I am a young 24 year old mum to 2 beautiful Earth Angels. Shall we call them 'H' and 'M'. You can call me Tessa.
H will be turning 3 very soon, she was the start of our life change. My pregnancy, birth and initial parenting with her were what I now consider to be very unnatural.
The whole lot was flooded with meds, supplements and ill advice which I blindly followed without investigating.
The change came about when H was prescribed antibiotics and steroid cream for dermatitis at only 8 weeks old!
M will turn 3 months on H's birthday. Things with M have been completely different. I had a very natural pregnancy, close to natural birth and a whole new perspective on the way we parent our children. Things are feeling much more natural this time around. I feel confident in the way we live and how our girls are raised and cared for, a feeling I didn't have with H.
I research every choice I consider and I make an 'informed decision'. I don't follow behind society blindly, I dont trust what the medical society or government tell us is right or true. I find the truth for myself. This is my right and this is my duty as a mother to make sure I am doing the best I possibly can for my children
I am quite proudly a hippy mum. I want to raise my children with awareness of the real world around them. I want them to eat, breathe and live naturally. I do my best to teach them about the life around them.
I breastfeed. I do it in public and I don't care what others feel on the subject because my breasts are not sexual play toys, they are my babies "Boobies". They are her sustenance and I keep her alive and healthy with these babies! I am proud I can. I gave up with H, a choice I sincerely regret. Knowing what I exposed her body to unnecessarily really makes me angry at myself for not knowing better. A mistake I am not willing to make again.

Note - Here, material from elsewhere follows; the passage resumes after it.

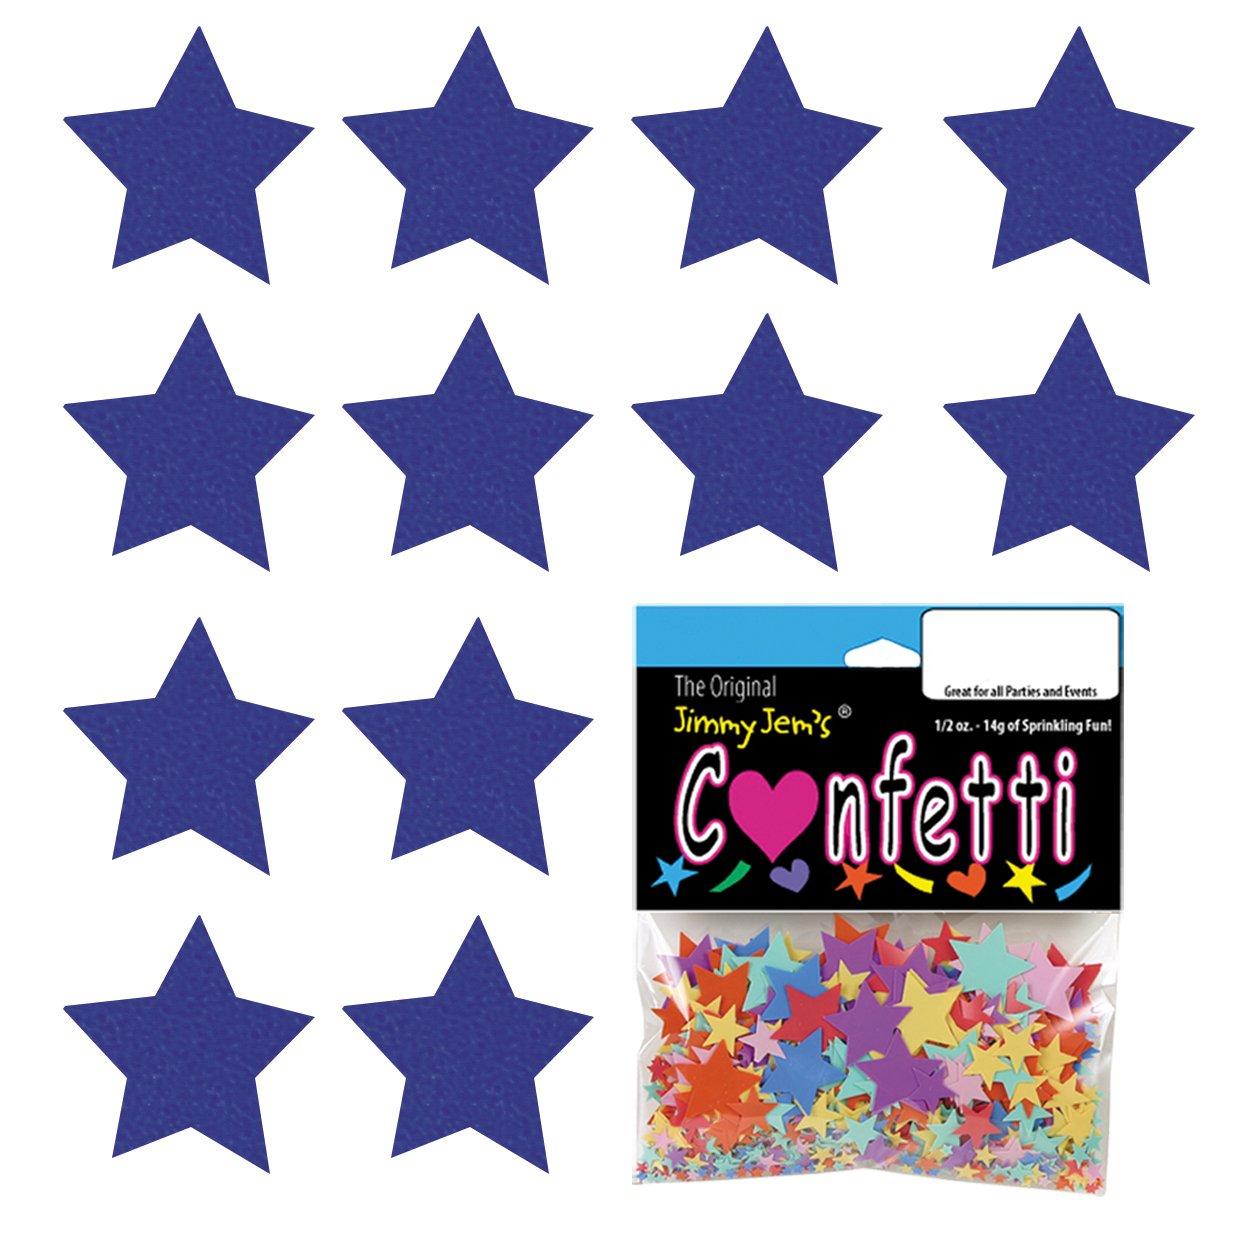 Confetti Star 3/4'' Blue Royal - 8 Half Oz Pouches (4 oz) FREE SHIPPING --- (CCP8623)

We cosleep, my daughter sleeps in our bed next to me against the warmth of my chest. We wouldn't have it any other way. We don't even own a cot and most likely wont. H slept with us fulltime when we realised the benefits of cosleeping and recently moved into her own bed at 2 and a half.
I wear my baby. I carry her in a sling, not all day every day but most certainly every time we go out and when she want closeness for the day and I need to get things done. Other times, she is sitting in her pram wherever I may be watching me do my thing and soon she will join her big sister on the ground helping me or playing.
My girls wear cloth nappies, a recent change I must admit. Something I will touch on another day.
We eat as natural as we can possibly afford. We grow what we can and supplement with fruit and veg from the supermarket.
We heal our bodies with herbs, homeopathic remedies, aromatherapy and healthy diets before we opt for a prescription of toxins.
We do not vax any more, another mistake I made on H without trusting my instinct and doing proper research. Needless to say I wont be finishing her vax schedule. In fact, I will be endeavouring to try and detox her body from the harm I have already allowed.
I garden organically, growing food and herbs. It is one of my passions. We own 90 acres and plan to make it an organic self sufficient homestead to raise our family on and pass to our future generations.
I love to cook. My favourite thing is to make jams and preserving foods in other ways. There very many things I want to learn to cook and make myself.
I sew. I love to sew. I love to create clothing and other items for my family and friends. When I get a chance to I must admit.
I am human, I try my best to ensure the health and safety of my children. I try to ensure their minds aren't flooded with the poisons of society.
You wont find scantily clad music clips or magazines in our home. You won't find our children filling their body with toxic food that is considered completely normal or earth forbid "healthy"
Most likely you will find them running around our property playing, foraging food from the garden or even watching playschool or sesame street for quiet time while drawing, painting or reading. I am human, we do have a television, dvd player, set top box and computer with internet connection.
That is a little about me now. In the future you may learn more about my past and more about what I do and believe. Feel free to follow me on my blog journey, feel free to positively discuss if you wish to and similarly feel free to pass on to another blog if this is not your cup of tea.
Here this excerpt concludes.